Under snow and ice conditions the traction was better than I had expected from a front-engine/rear-drive car, although the tyres were normal tubeless F7 Firestones. (Dunlop SP41s can be fitted if specified by the customer.) The capacity of the Cortina’s luggage boot never fails to surprise me, the only snag being that one is encouraged to load it so that the nose of the Ford is permanently in the air, when some means of adjusting the headlamps, as on the R16 Renault and Citroën, would be appreciated by oncoming drivers!
There is no need for me to eulogise again the rapid acceleration and high speed of the GT version of the Ford Cortina. However, as some people have expressed surprise that a car of this performance will regularly return 30 m.p.g. or better of premium petrol, I was interested to see that the absolute range on a tankful on this latest version was 251 miles. If the maker’s capacity figure of 8 gallons is accepted, that represents over 31 m.p.g., mostly cruising at between 70 and 80 m.p.h. on a main-road journey. Thereafter the snows came, making conditions about as bad as they could be for a fuel consumption check, with much low-gear work, frequent cold starts followed by prolonged warming-up, and a journey through London traffic. Just out of interest I kept a check and the Ford still returned a figure of 29.1 m.p.g. in conditions which could hardly have been more unfavourable. After 700 miles the oil level had fallen by the equivalent of 1-1/2-pints. The dip-stick is obstructed by the drum of the enormous A.C. air-cleaner.
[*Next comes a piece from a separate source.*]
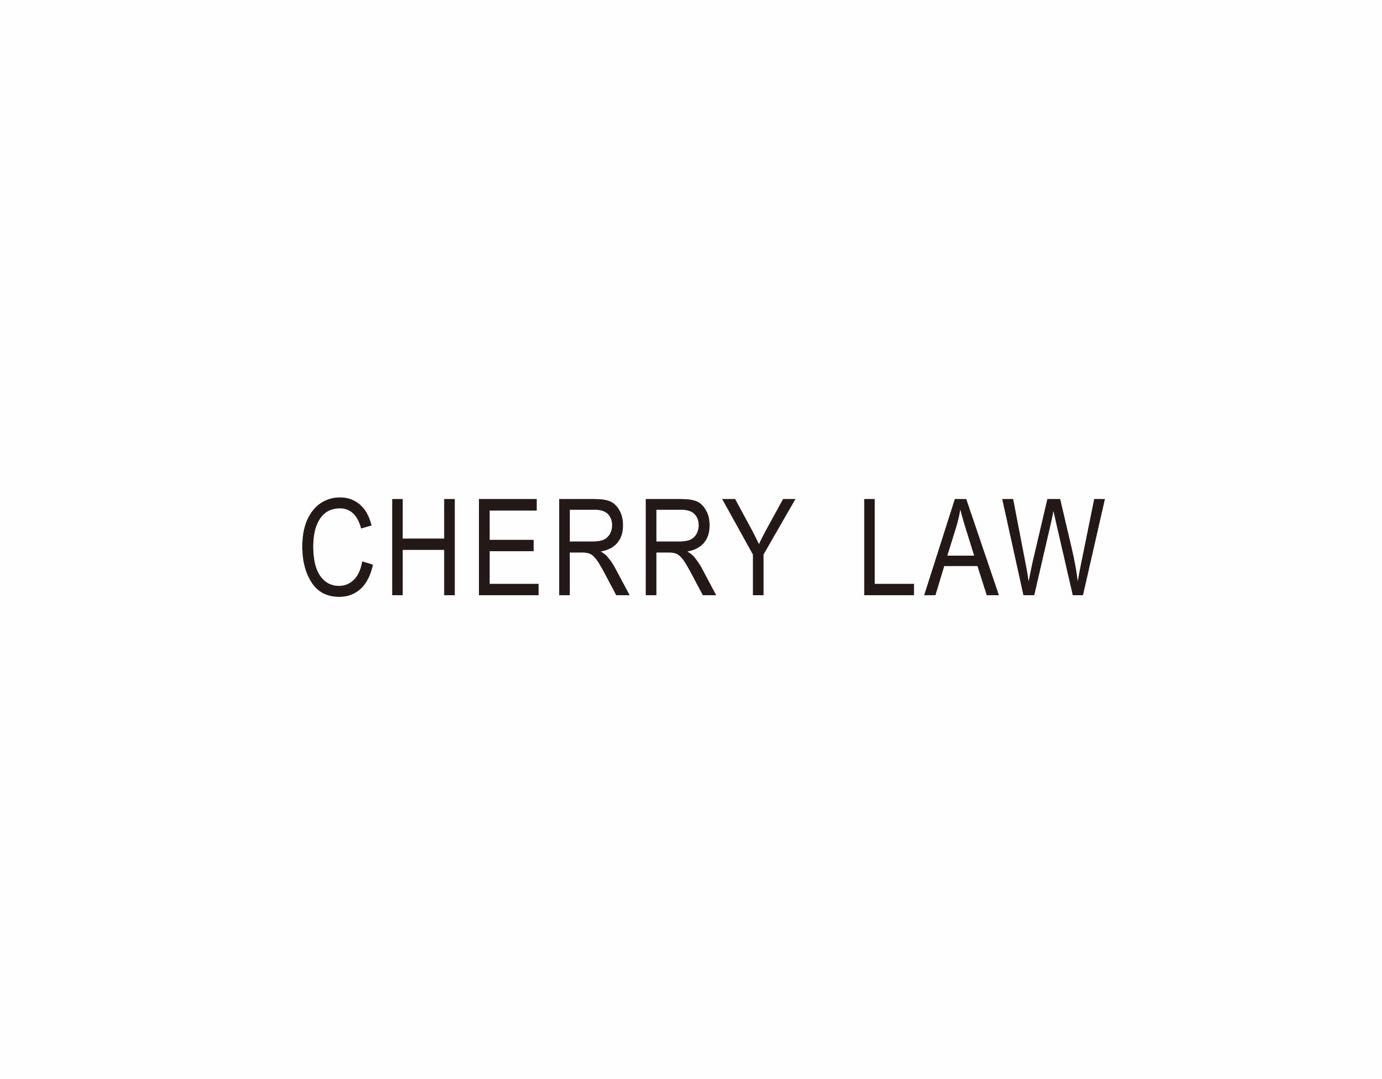 CHERRY LAW
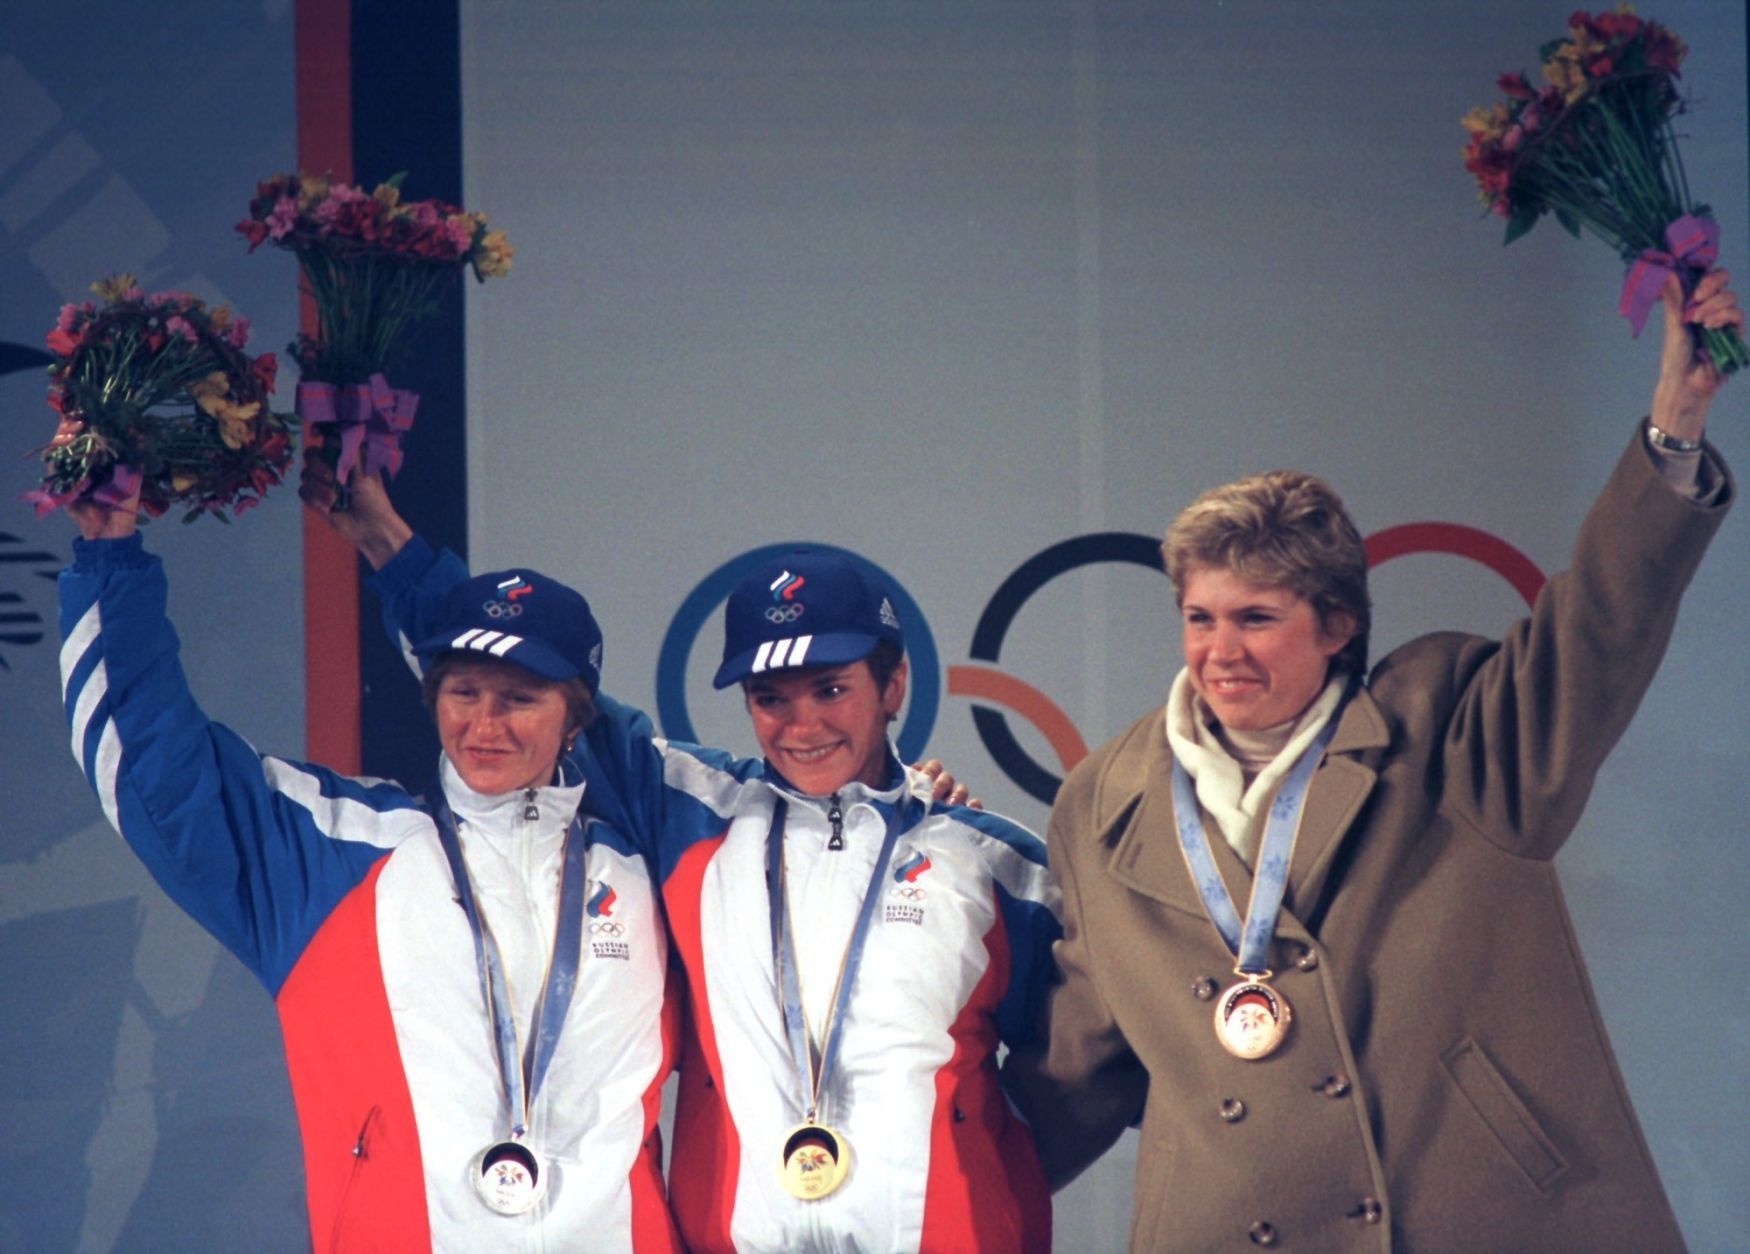 Kateřina Neumannová v kabátu na stupních vítězů na olympijských hrách v Naganu s Ruskami Larisou Lazutinovou a Olgou Danilovovou

Thus the improved Cortina GT—the name “Consul” has been deleted from the front of the bonnet’s dummy air-intake. Outstanding is the new ventilating system, which, according to the hand-out literature, was tested by cigar-smoking development engineers from Sicily to Arctic Sweden. It is said that this Aeroflow ventilation combats car-sickness and allows four smokers and a non-smoker to travel together without discomfort. Not being fond of lung-cancer I funked this test but certainly the Ford engineers have evolved an excellent means of maintaining fresh-air within the car without complicated controls and without opening the windows.
This, together with economy, low price, and in the GT version a top speed of 94 m.p.h. and a s.s. 1/4-mile time of 18.7 sec., will ensure the continued sales-success of the Ford Cortina, which has sold to the tune of half-a-million in two years.— W. B.